The records –
————
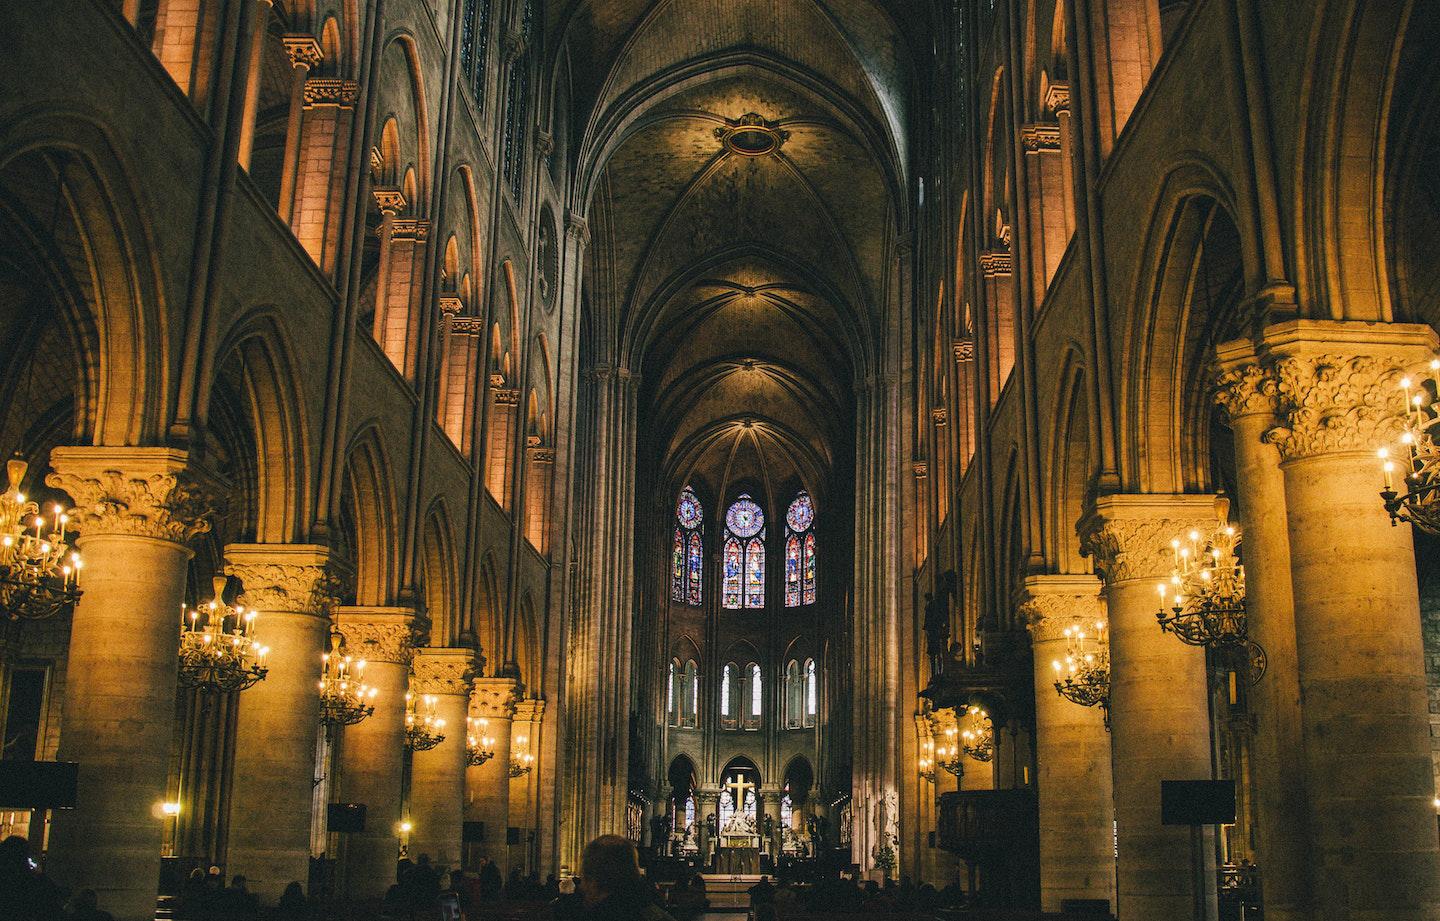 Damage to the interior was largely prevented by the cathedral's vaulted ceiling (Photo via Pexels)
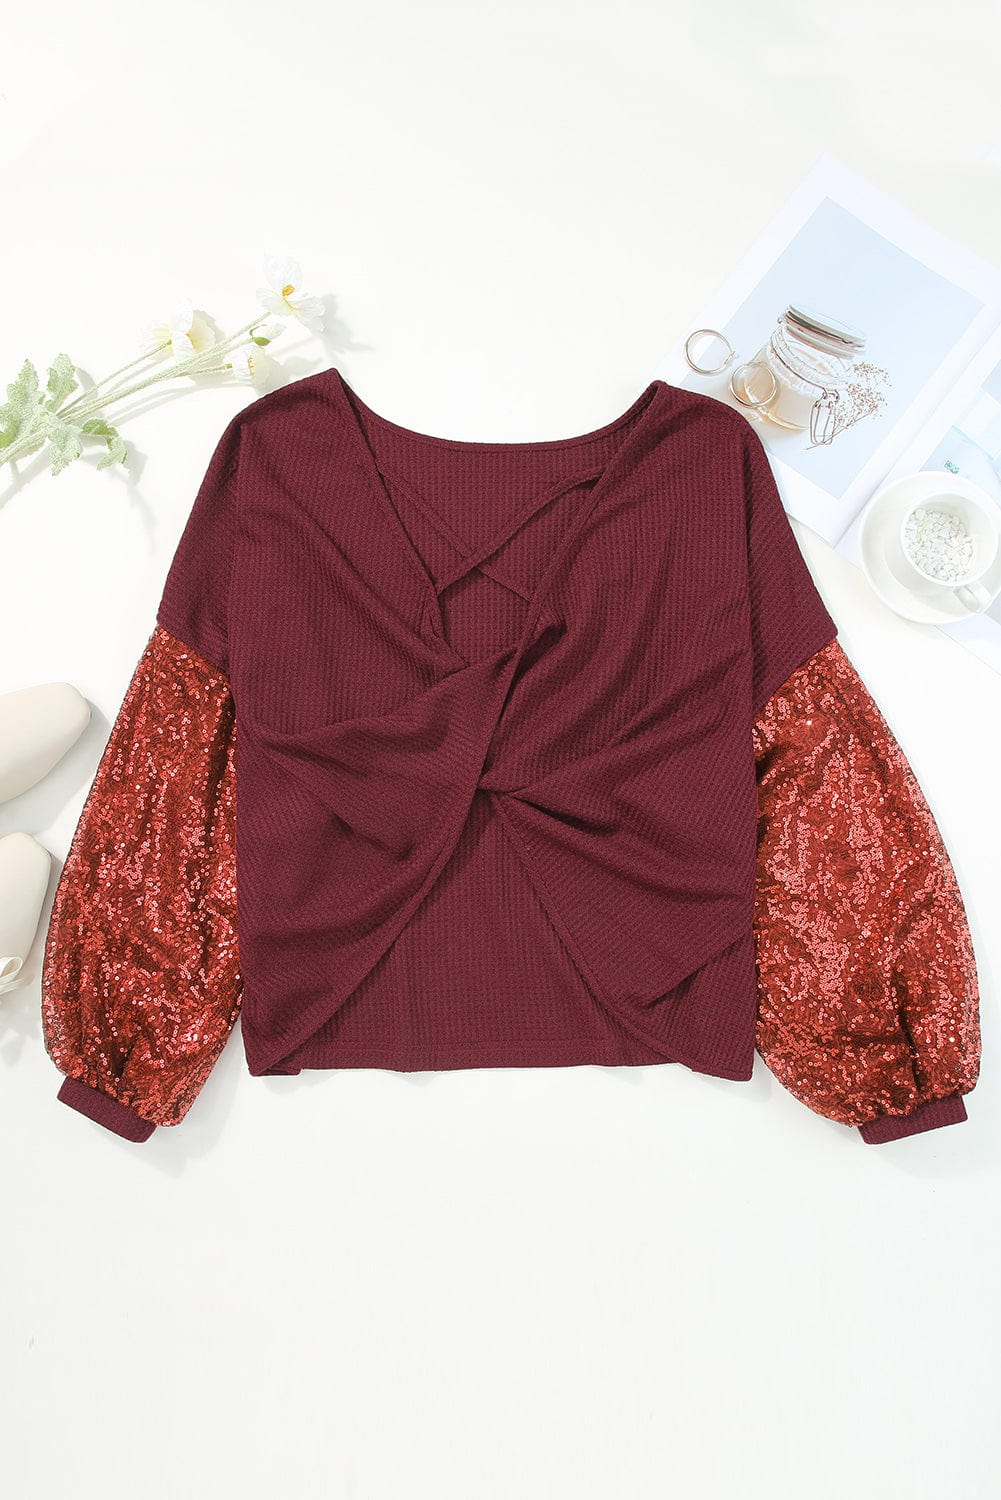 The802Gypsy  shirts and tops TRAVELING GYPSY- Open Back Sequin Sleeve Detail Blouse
————
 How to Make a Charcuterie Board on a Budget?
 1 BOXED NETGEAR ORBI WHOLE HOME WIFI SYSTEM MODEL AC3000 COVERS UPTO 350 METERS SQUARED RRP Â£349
————
Activity –
What you write must match the listing exactly, from the line with "Damage to the" up to and including the line with "Sleeve Detail Blouse". Pictures stay out.

Written solution –
 Damage to the interior was largely prevented by the cathedral's vaulted ceiling (Photo via Pexels)
 The802Gypsy  shirts and tops TRAVELING GYPSY- Open Back Sequin Sleeve Detail Blouse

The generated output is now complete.